*** DATASET EXCERPT ***

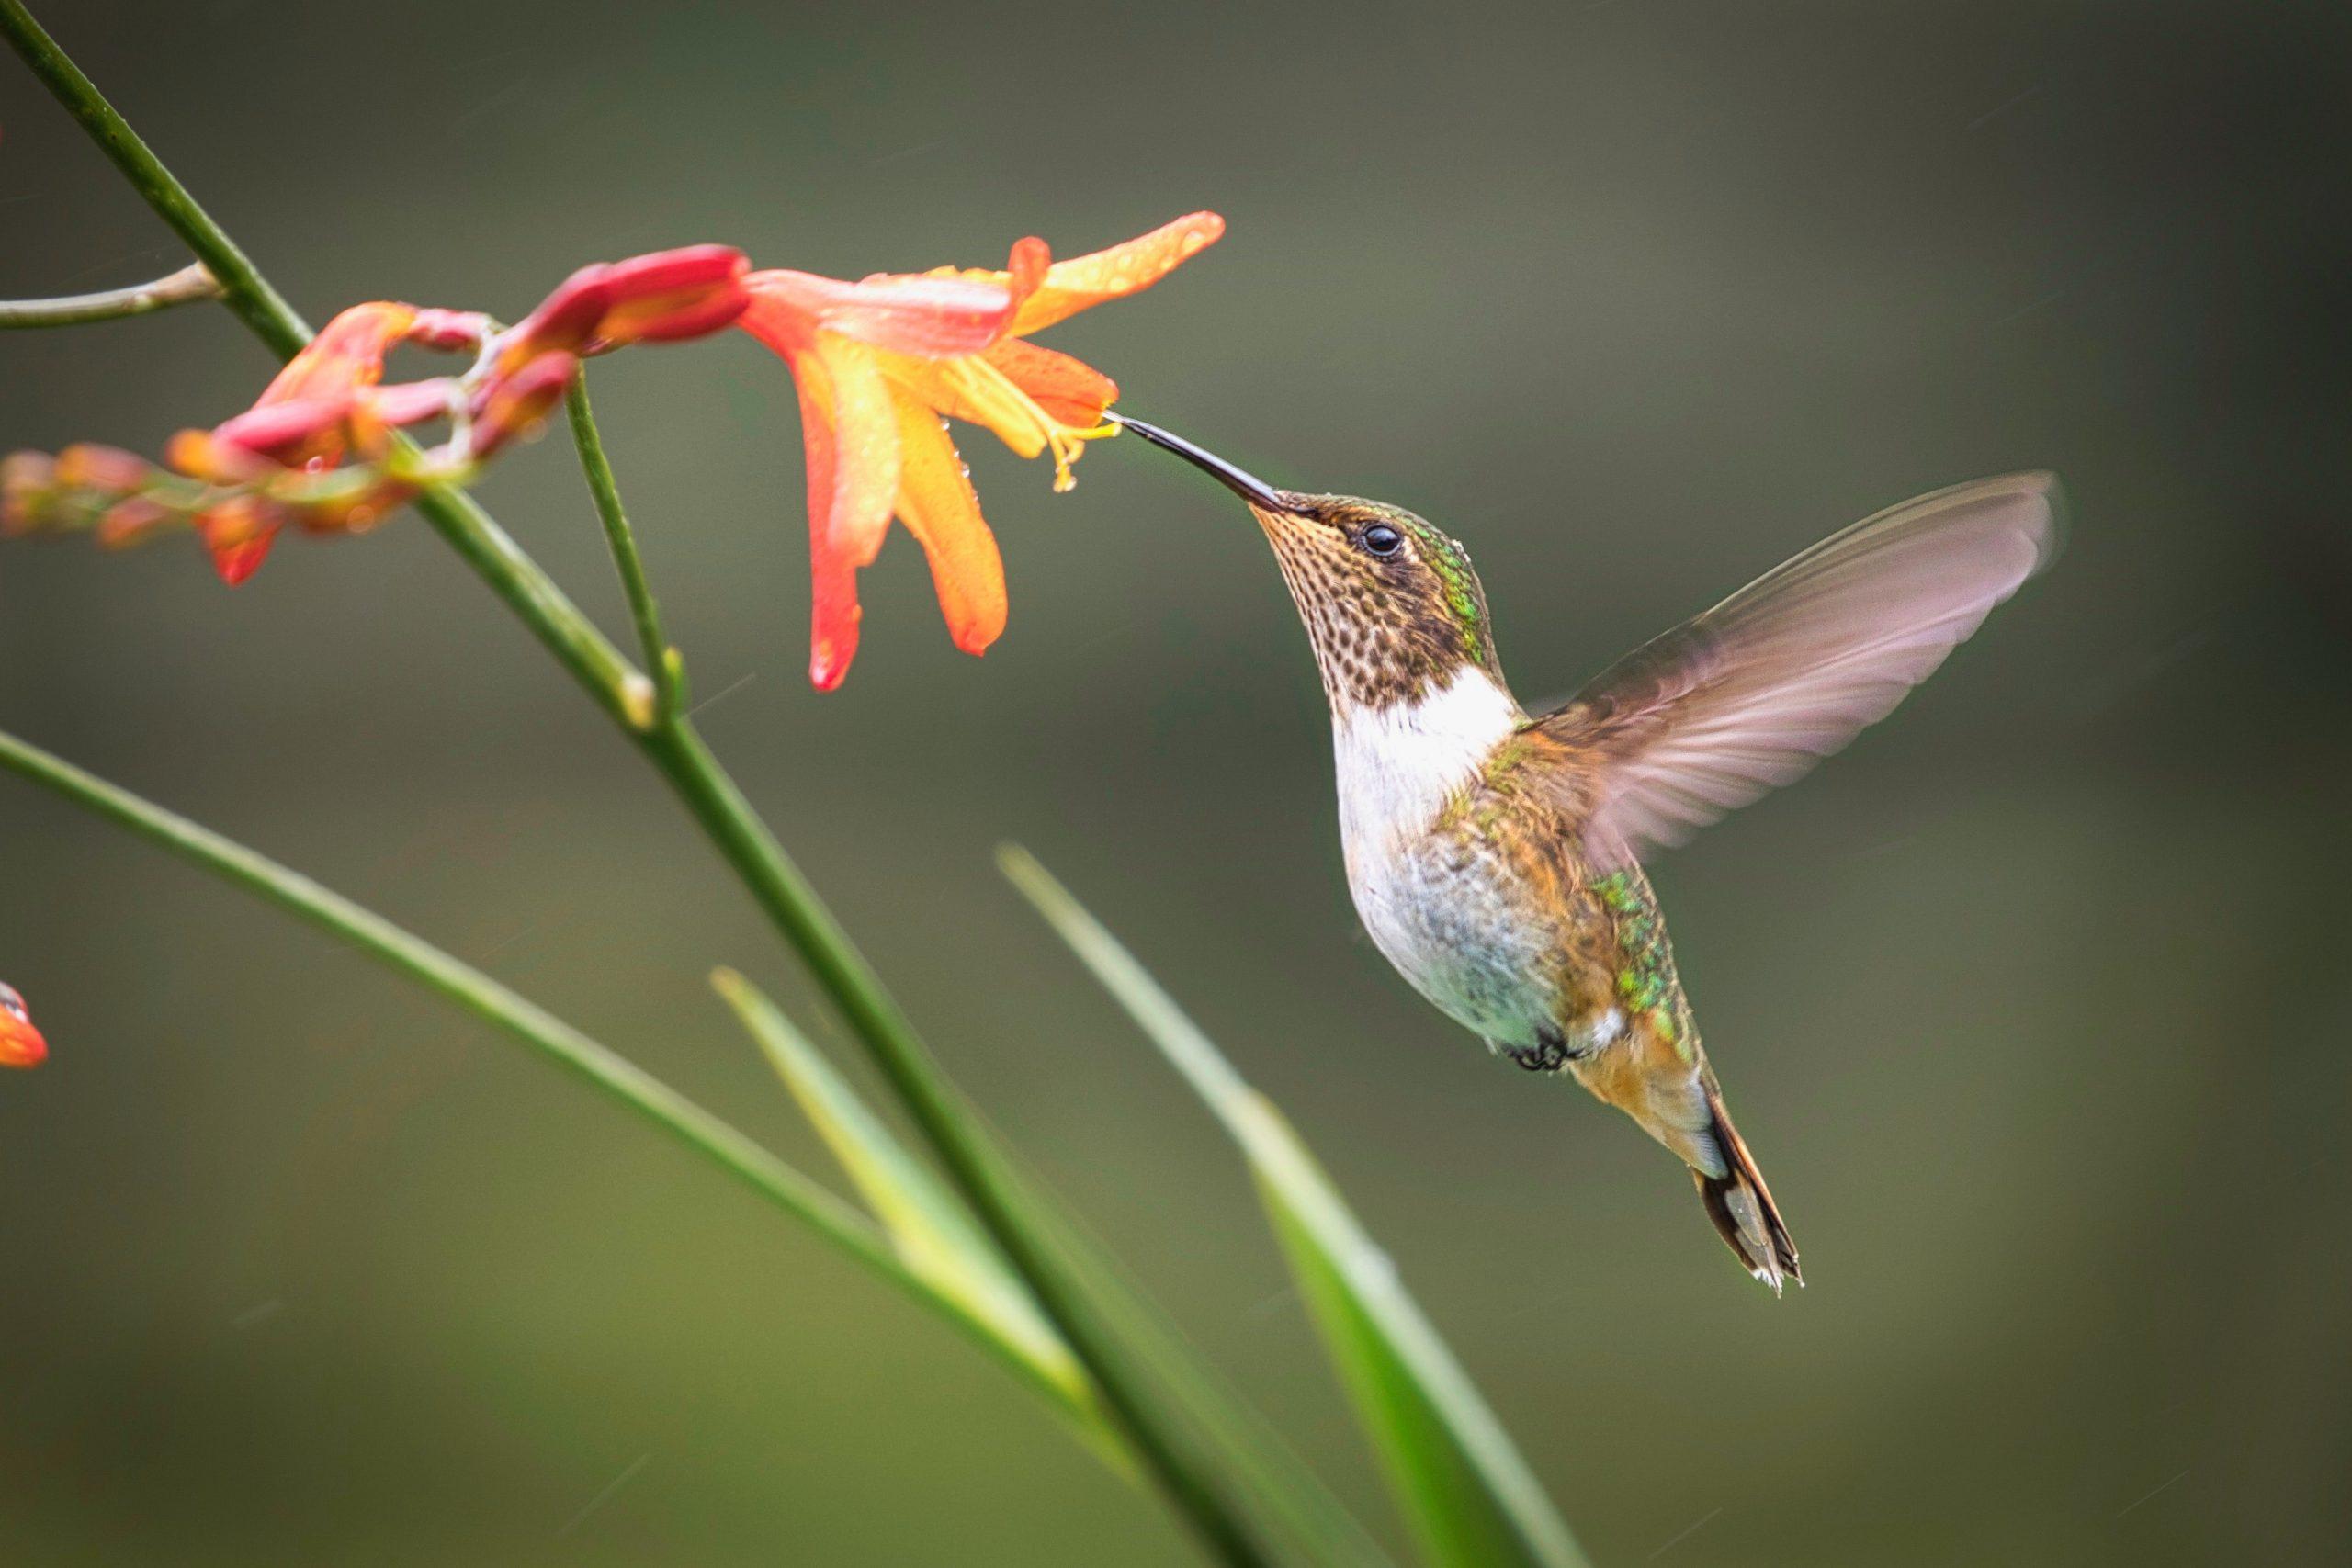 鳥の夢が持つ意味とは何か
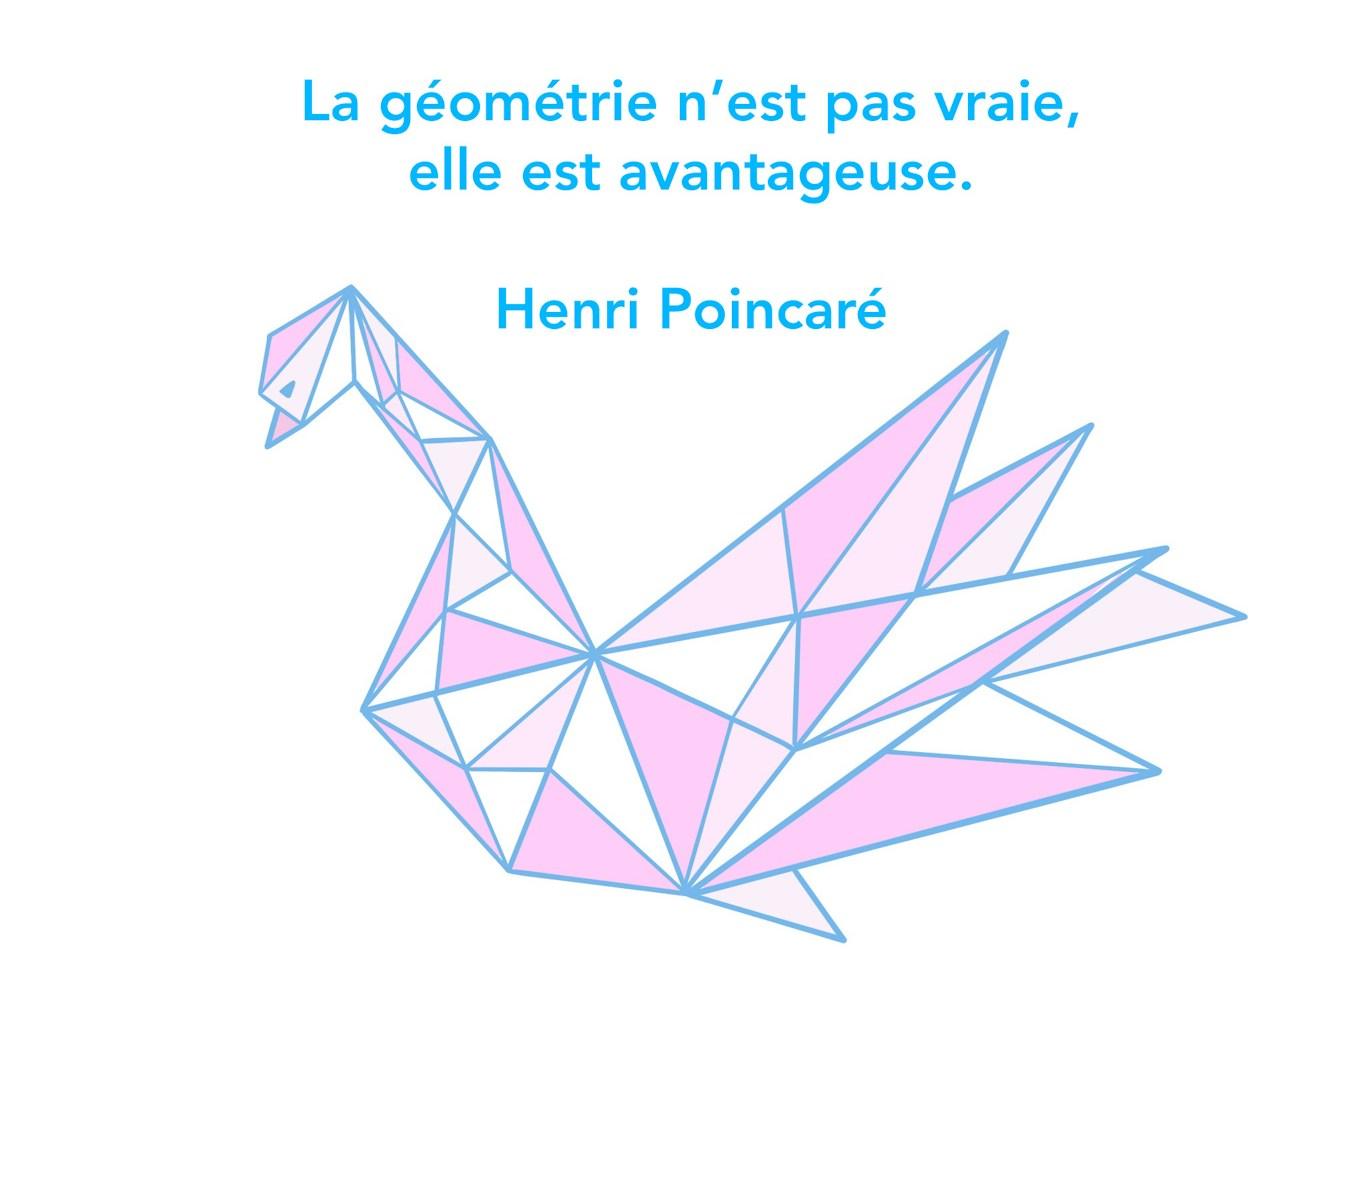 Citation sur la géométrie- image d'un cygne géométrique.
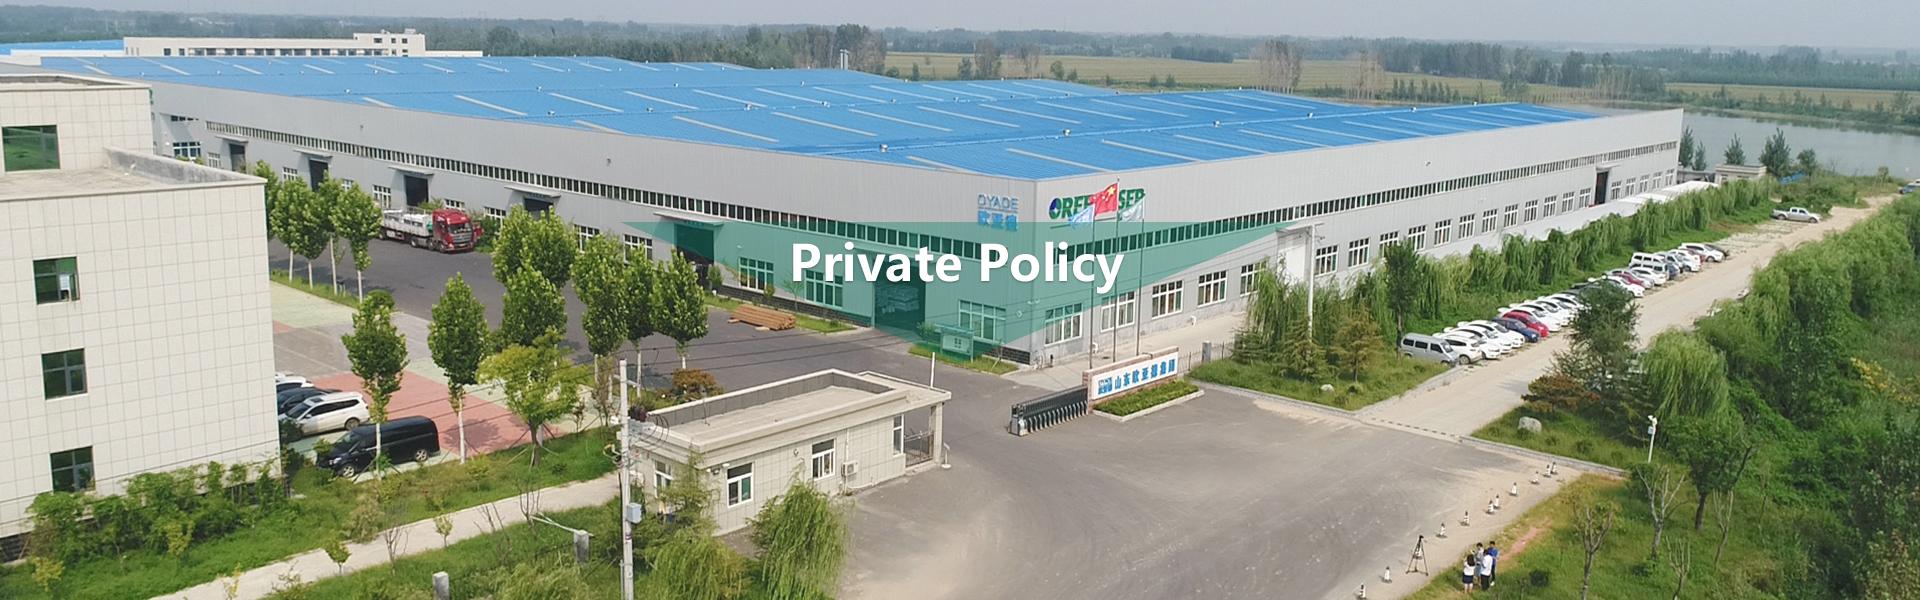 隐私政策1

***

# WHAT THE TASK ASKS:
An exact copy of the listing is needed, minus its pictures.

# RESPONSE:
 鳥の夢が持つ意味とは何か
 Citation sur la géométrie- image d'un cygne géométrique.
 隐私政策1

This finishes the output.